An example: transposing a 2D array (this example taken from the repa paper). First, the type of the transformation:
transpose2D :: Elt e => Array DIM2 e -> Array DIM2 e
Note that this transform will work on DIM2 arrays holding any elements. Now, to swap rows and columns, we have to modify the shape:
transpose2D a = backpermute (swap e) swap a where e = extent a swap (Z :. i :. j) = Z :. j :. i
The swap function reorders the index space of the array.
To do this, we extract the current shape of the array, and write a function
that maps the index space from the old array to the new array. That index space function
is then passed to backpermute
which actually constructs the new
array from the old one.
backpermute generates a new array from an old, when given the new shape, and a function that translates between the index space of each array (i.e. a shape transformer).

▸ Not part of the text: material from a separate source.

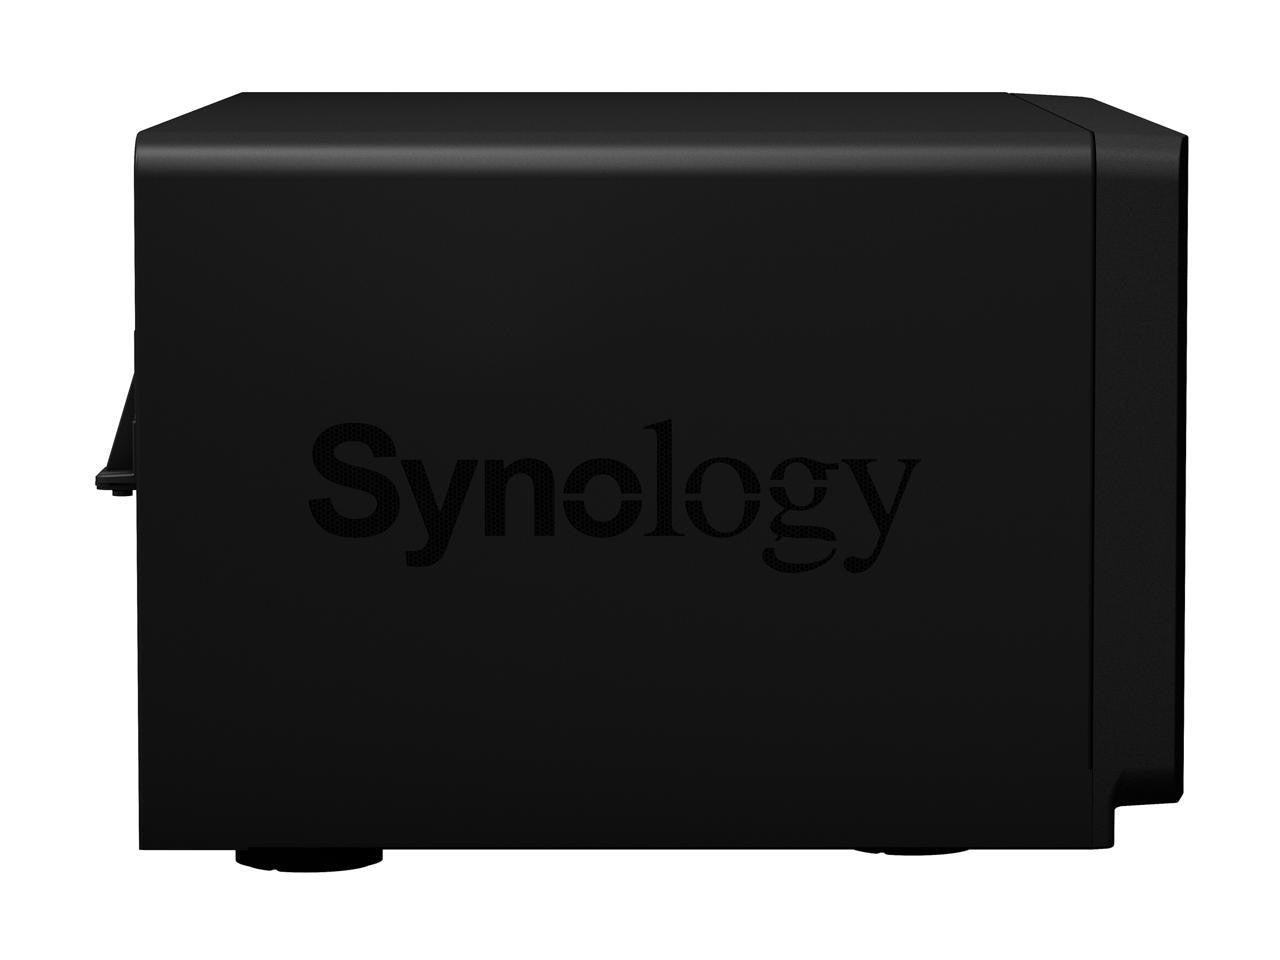 Synology DS1821+ 8-BAY DiskStation with 16GB Synology RAM and 24TB (8x3TB) Western Digital RED PLUS Drives Fully Assembled and Tested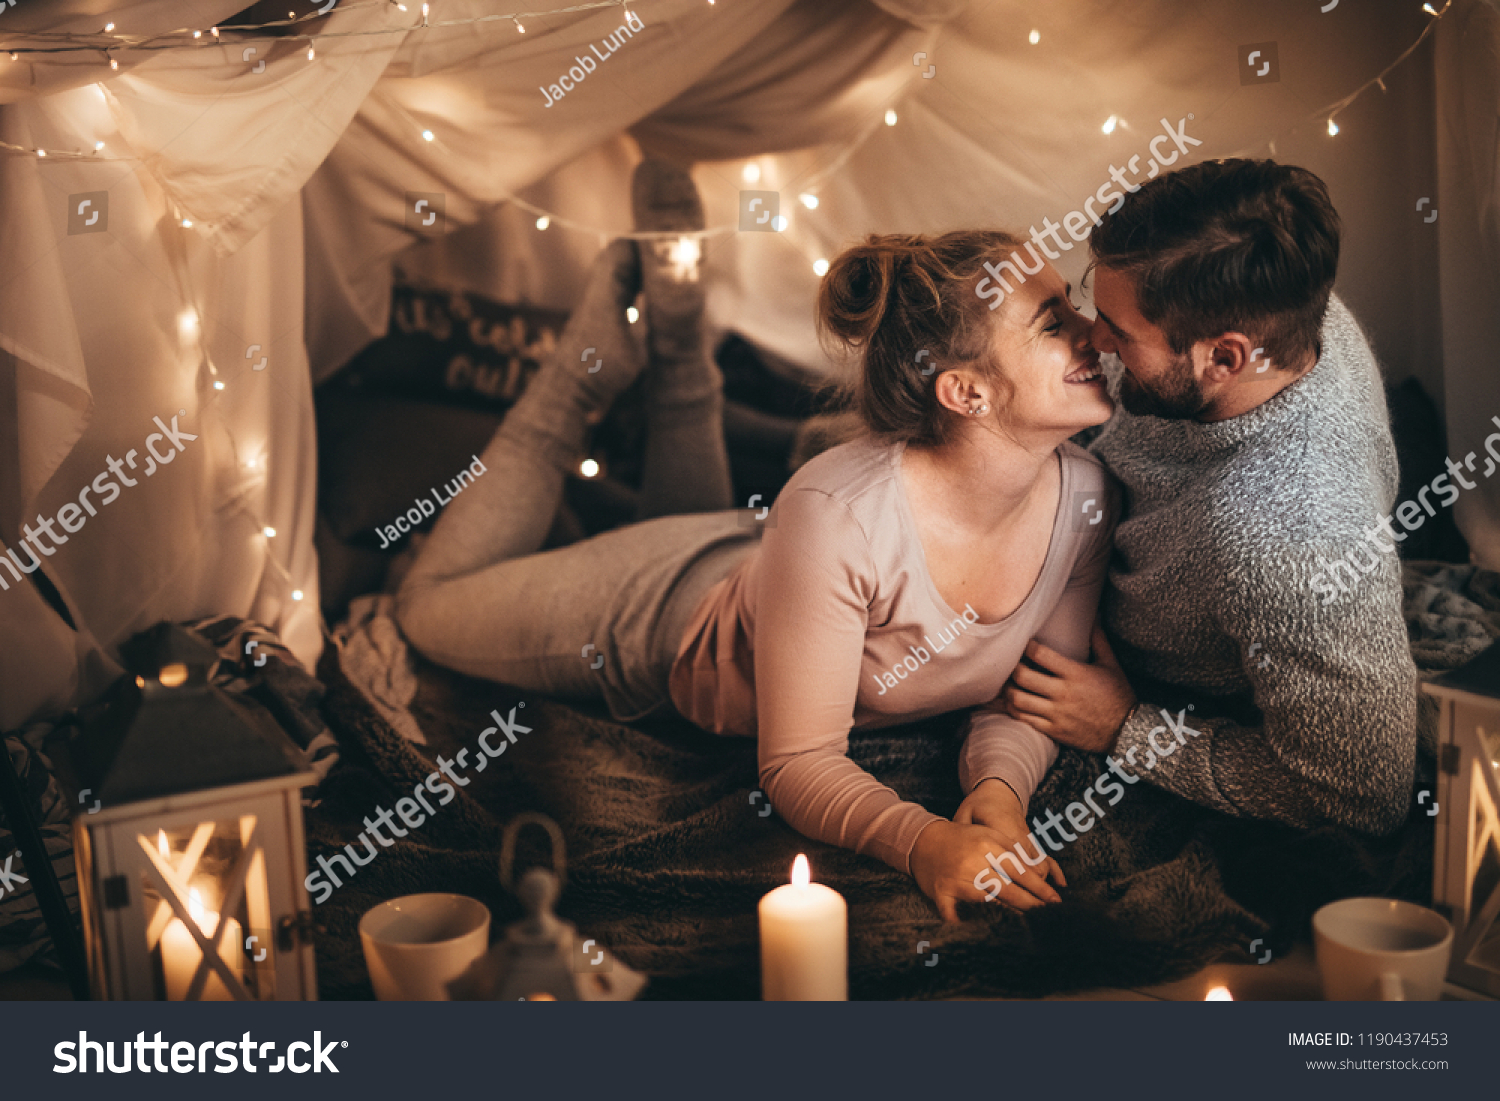 Couple together on bed in a room decorated with candle lights and tiny serial light bulbs. Smiling woman spending happy time with her husband in bedroom. #1190437453

backpermute :: (Shape sh, Shape sh', Elt a) => sh' -> (sh' -> sh) -> Array sh a -> Array sh' a
Note that the array created is not actually evaluated (we only modified the index space of the array).
Transposition is such a common operation that it is provided by the library:
transpose :: (Shape sh, Elt a) => Array ((sh :. Int) :. Int) a -> Array ((sh :. Int) :. Int)
the type indicate that it works on the lowest two dimensions of the array.
Other operations on index spaces include taking slices and joining arrays into larger ones.